Daniel Wishnia, Chief Digital Transformation Officer at German property company, Aroundtown, said the $2.1 billion purchase of Fitbit by Google two weeks ago illustrated how important wearable health and tracking devices would be in future.

“The message is prediction – to try and understand a person’s behaviour, to see what that person will choose and buy.”

Virtual assistance and voice technology were part of this future, he said. “It’s not only about the weather forecast, but it’s also about where can I go? My assistant knows I like sushi, and recommends restaurants that are nearby. This kind of data will lead us to understand how we approach our future customers.”

Devices like Alexa and Google Assistant will eventually shape travel decisions through learning more about our tastes, lifestyle and health, he said.

“The assistant will be interactive; it will know your calendar and tell you it’s time to take a break.”

Joel Brandon-Bravo, vice president of travel solutions at translation service TransPerfect, however, warned of the need for multi-lingual approaches.
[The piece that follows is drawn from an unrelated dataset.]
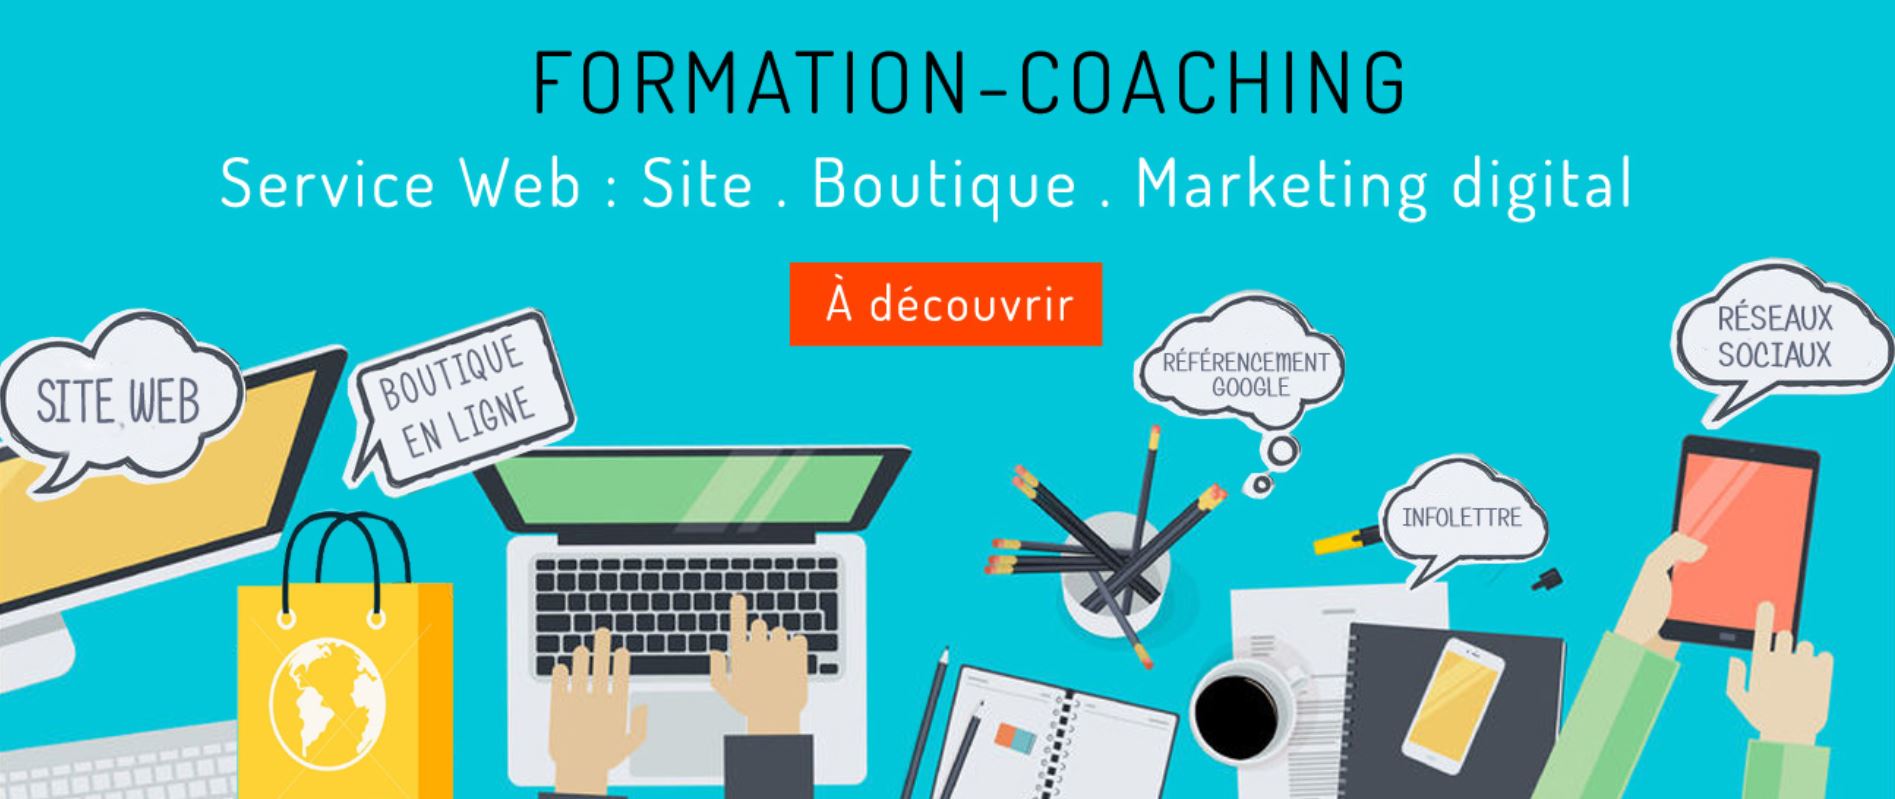 formation coaching site web, boutique en ligne et marketing digital

He said that of the $30 trillion growth in middle-class consumption predicted between 2015 and 2030, only $1 trillion would not come from Asia. Similarly, there were no English speaking countries among the top 10 emerging markets.

Proxy technology, where an enquiry is redirected to a hosted site in the client’s own language, would permit new market penetration, he said. He also urged companies not to think that no new social media channels would emerge, citing the enormous recent growth of short form mobile video site TikTok.